6 En Ik zal hem tot woestheid maken; hij zal niet besnoeid, noch omgehakt worden, maar distelen en doornen zullen daarin opgaan; en Ik zal den wolken gebieden, dat zij geen regen daarop regenen.
7 Want de wijngaard van den HEERE der heirscharen is het huis van Israel, en de mannen van Juda zijn een plant Zijner verlustigingen; en Hij heeft gewacht naar recht, maar ziet, het is schurftheid, naar gerechtigheid, maar ziet, het is geschreeuw.
8 Wee dengenen, die huis aan huis trekken, akker aan akker brengen, totdat er geen plaats meer zij, en dat gijlieden alleen inwoners gemaakt wordt in het midden des lands!

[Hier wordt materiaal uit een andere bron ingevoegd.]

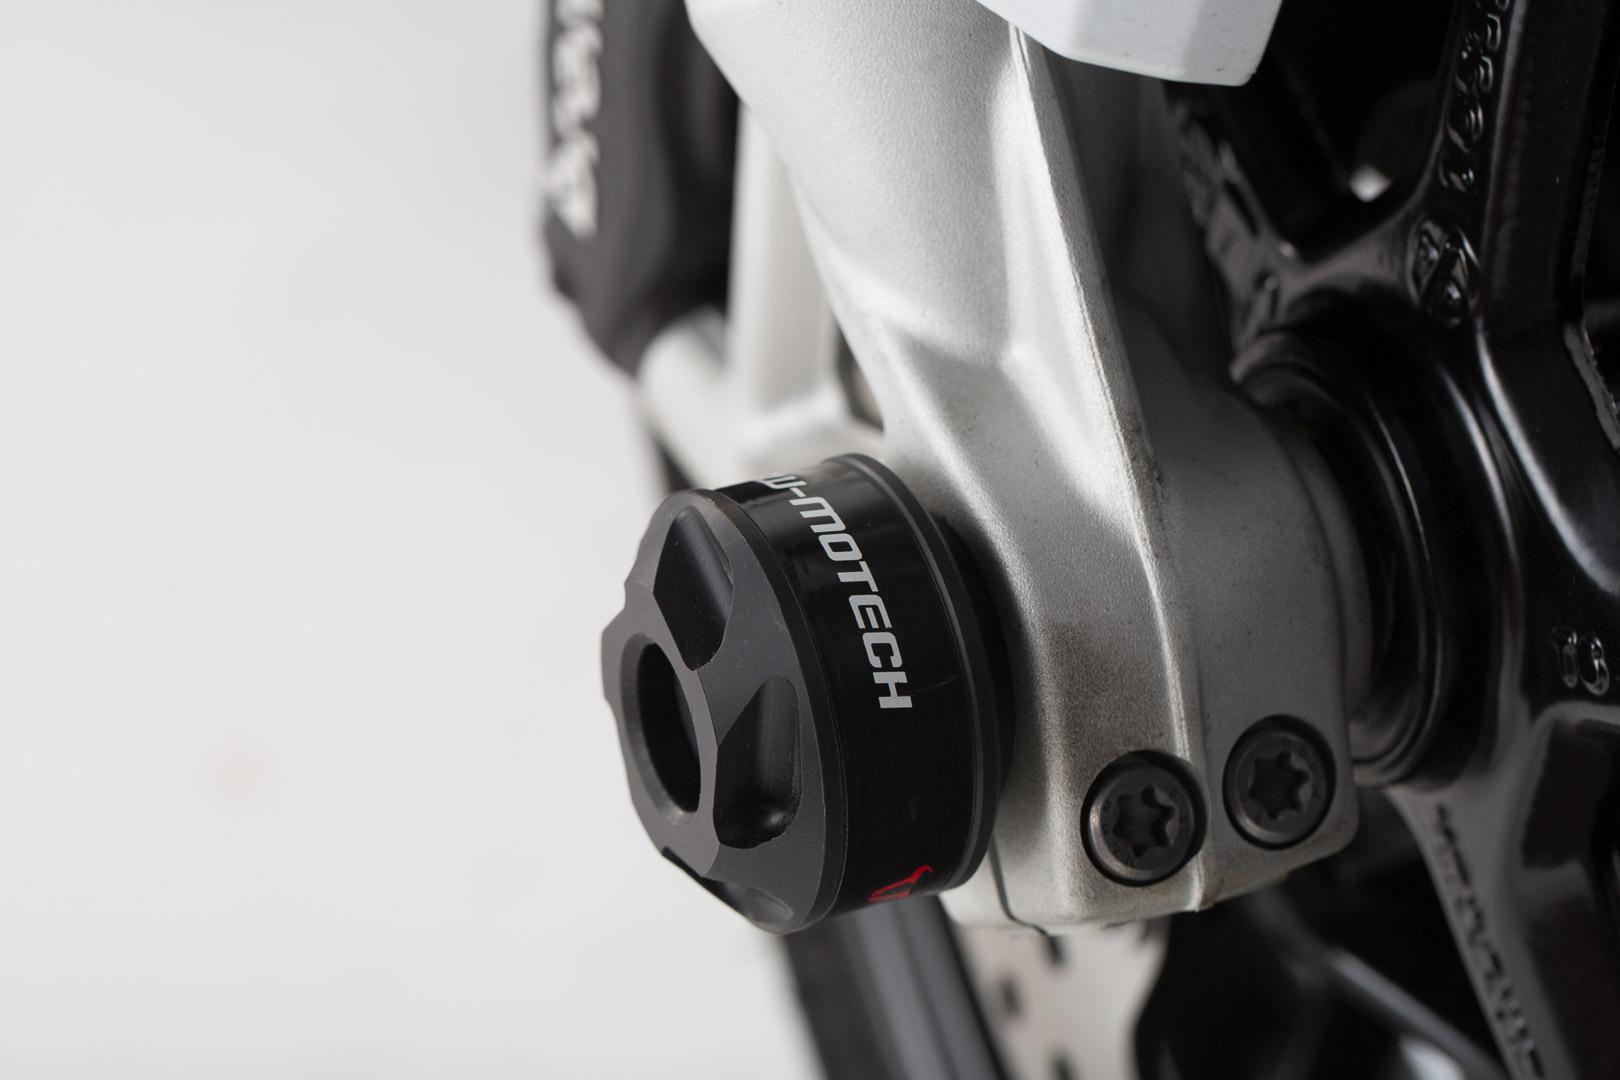 Slider set for front axle BMW F800R / R1200 / R1250 / RnineT / S1000XR

9 Voor mijn oren heeft de HEERE der heirscharen gesproken: Zo niet vele huizen tot verwoesting zullen worden, de grote en de treffelijke zonder inwoner!
10 Ja, tien bunderen wijngaards zullen een enig bath geven, en een homer zaads zal een efa geven.
11 Wee dengenen, die, zich vroeg opmakende in den morgenstond, sterken drank najagen, en vertoeven tot in de schemering, totdat de wijn hen heeft verhit!
12 En harpen en luiten, trommelen en pijpen, en wijn zijn in hun maaltijden; maar zij aanschouwen het werk des HEEREN niet, en zij zien niet op het maaksel Zijner handen.
13 Daarom zal mijn volk gevankelijk weggevoerd worden, omdat het geen wetenschap heeft; en deszelfs heerlijken zullen honger lijden, en hun menigte zal verdorren van dorst.
14 Daarom zal het graf zichzelf wijd opensperren, en zijn mond opendoen, zonder maat; opdat nederdale haar heerlijkheid, en haar menigte, met haar gedruis, en die in haar van vreugde opspringt.
15 Dan zal de gemene man nedergebogen worden, en de aanzienlijke man zal vernederd worden, en de ogen der hovaardigen zullen vernederd worden.
16 Doch de HEERE der heirscharen zal verhoogd worden door het recht; en God, die Heilige, zal geheiligd worden door gerechtigheid.
17 En de lammeren zullen weiden naar hun wijze, en de vreemdelingen zullen de woeste plaatsen der vetten eten.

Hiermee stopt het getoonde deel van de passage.